◆ **Required work**
Repeat the data as given. Images do not go in the copy.

◆ **Data provided**
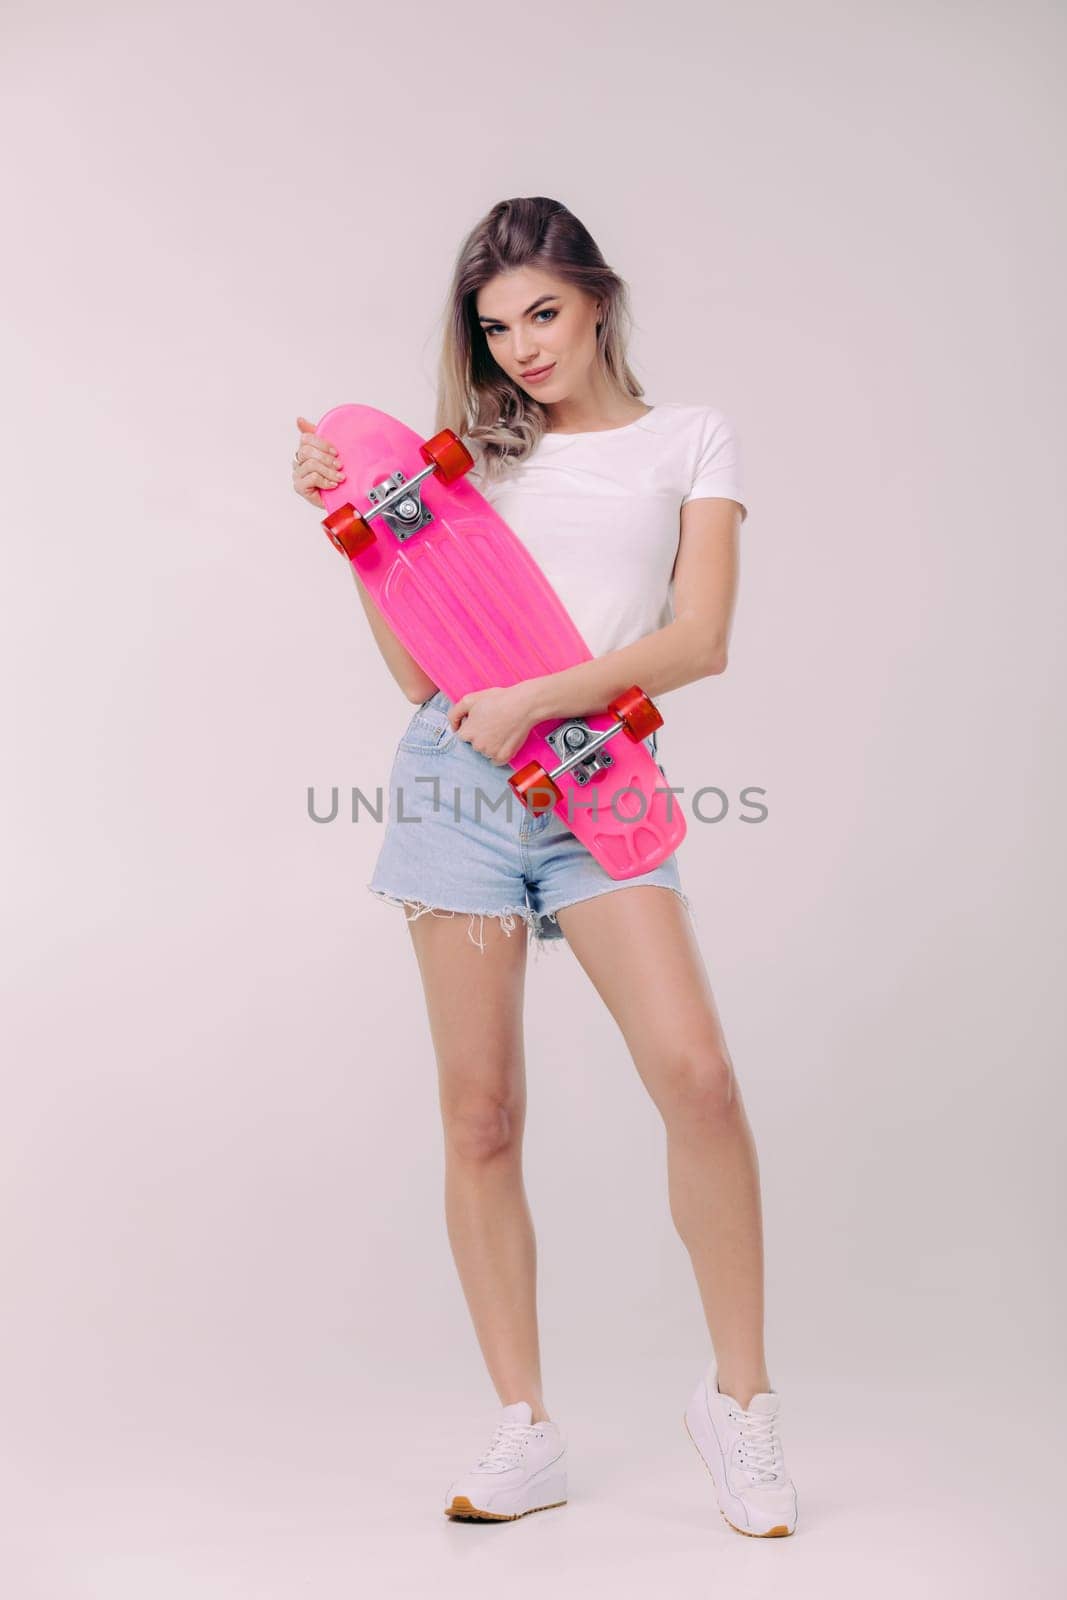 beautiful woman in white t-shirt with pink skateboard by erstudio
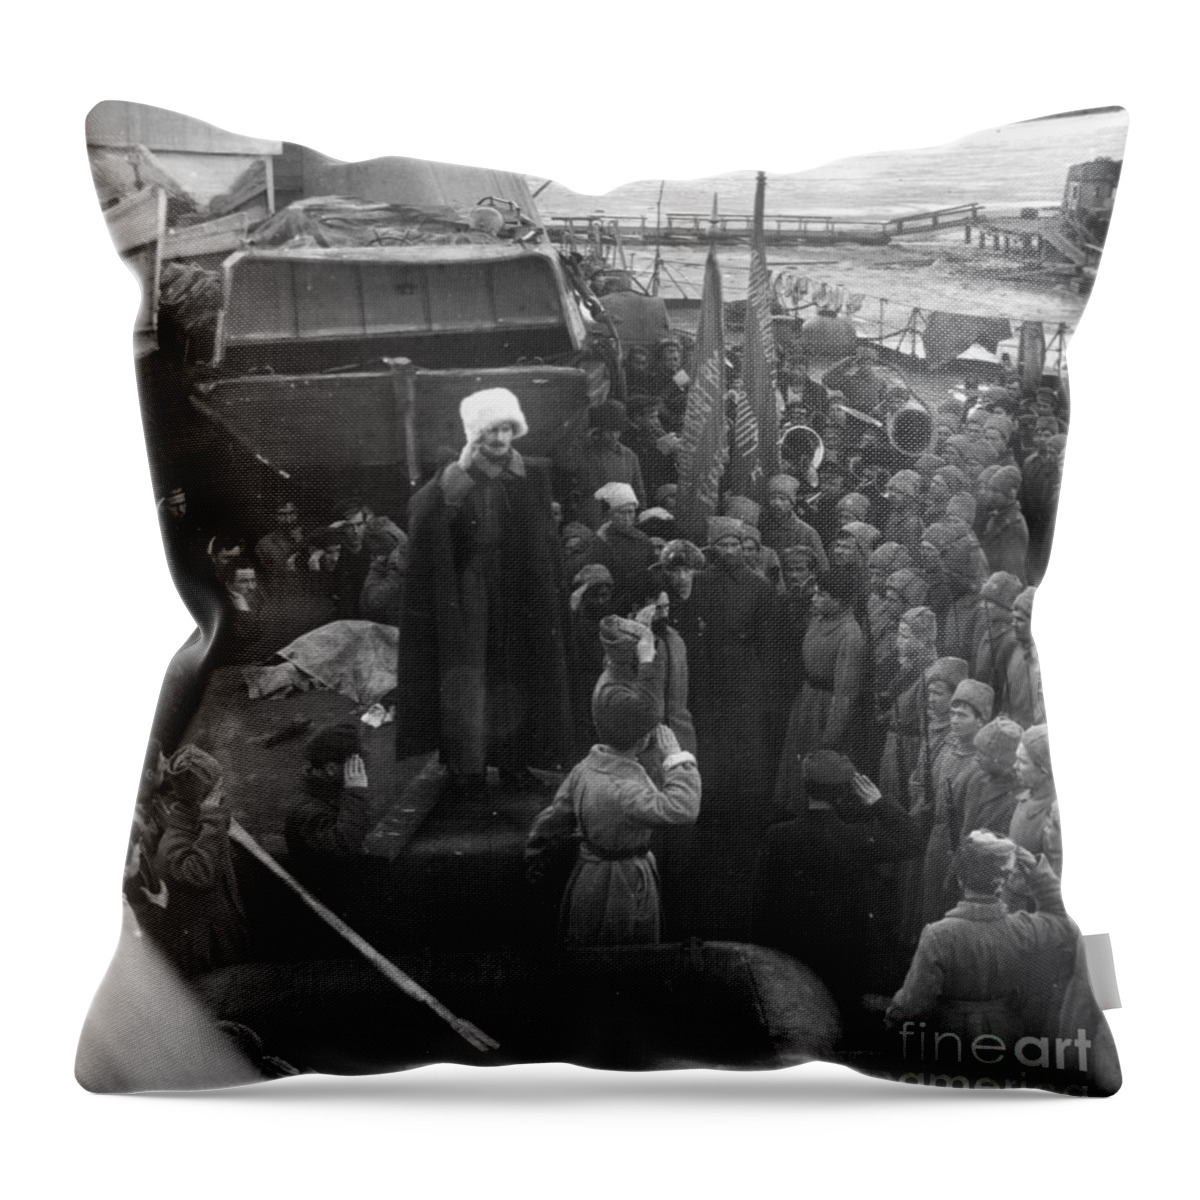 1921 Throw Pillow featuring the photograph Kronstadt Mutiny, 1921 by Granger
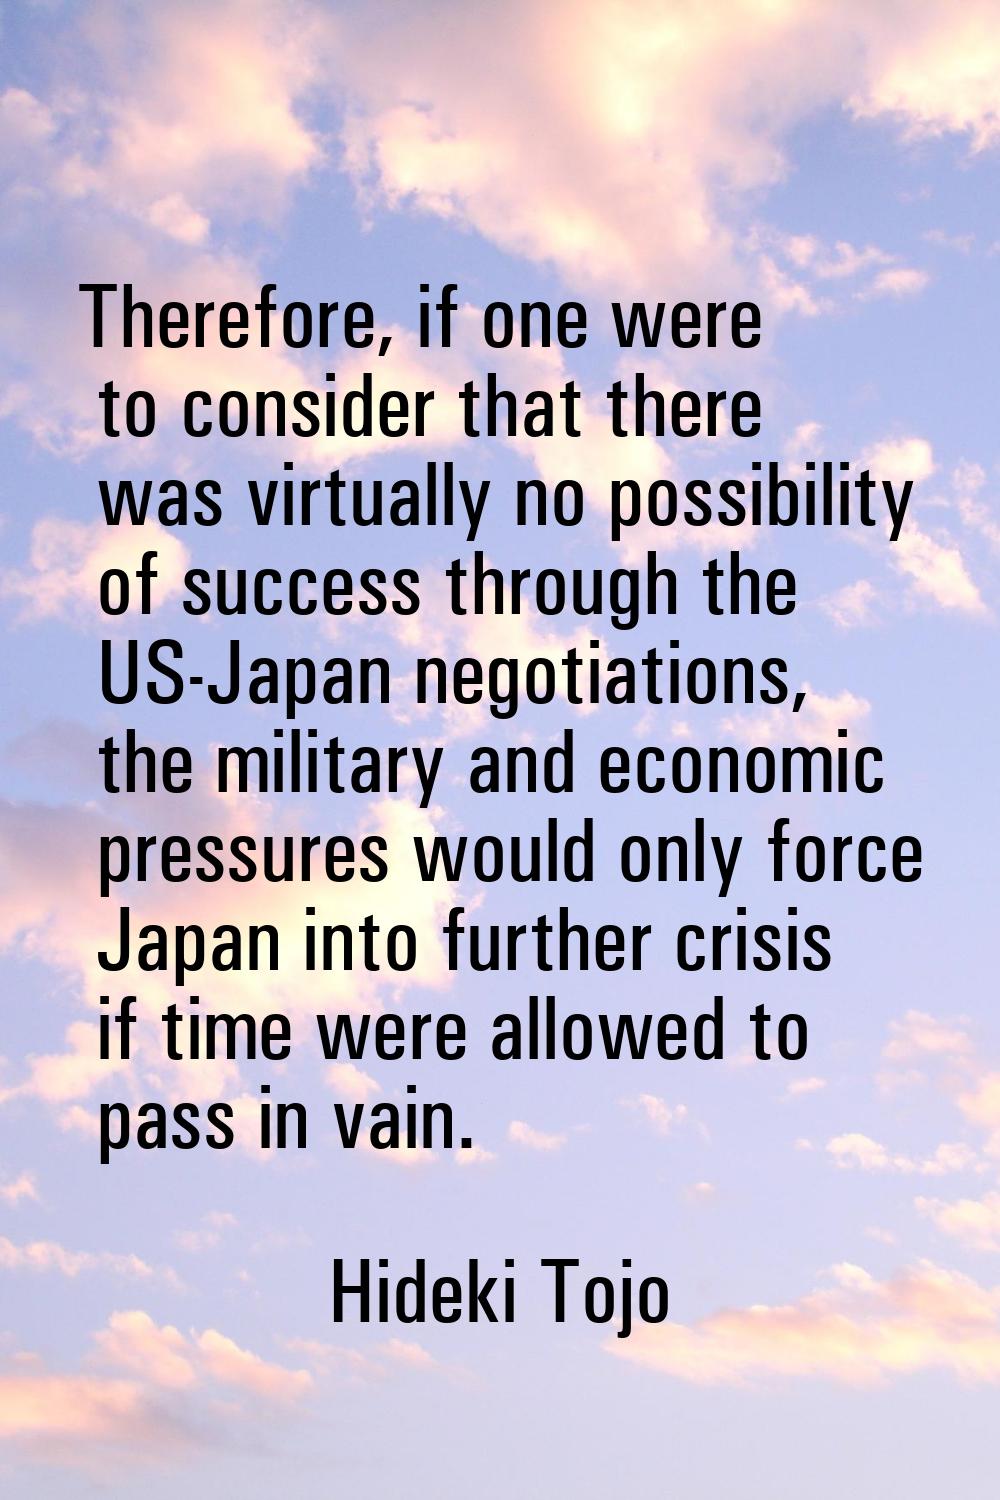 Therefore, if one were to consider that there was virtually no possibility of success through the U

◆ **Answer to this task**
 beautiful woman in white t-shirt with pink skateboard by erstudio
 1921 Throw Pillow featuring the photograph Kronstadt Mutiny, 1921 by Granger
 Therefore, if one were to consider that there was virtually no possibility of success through the U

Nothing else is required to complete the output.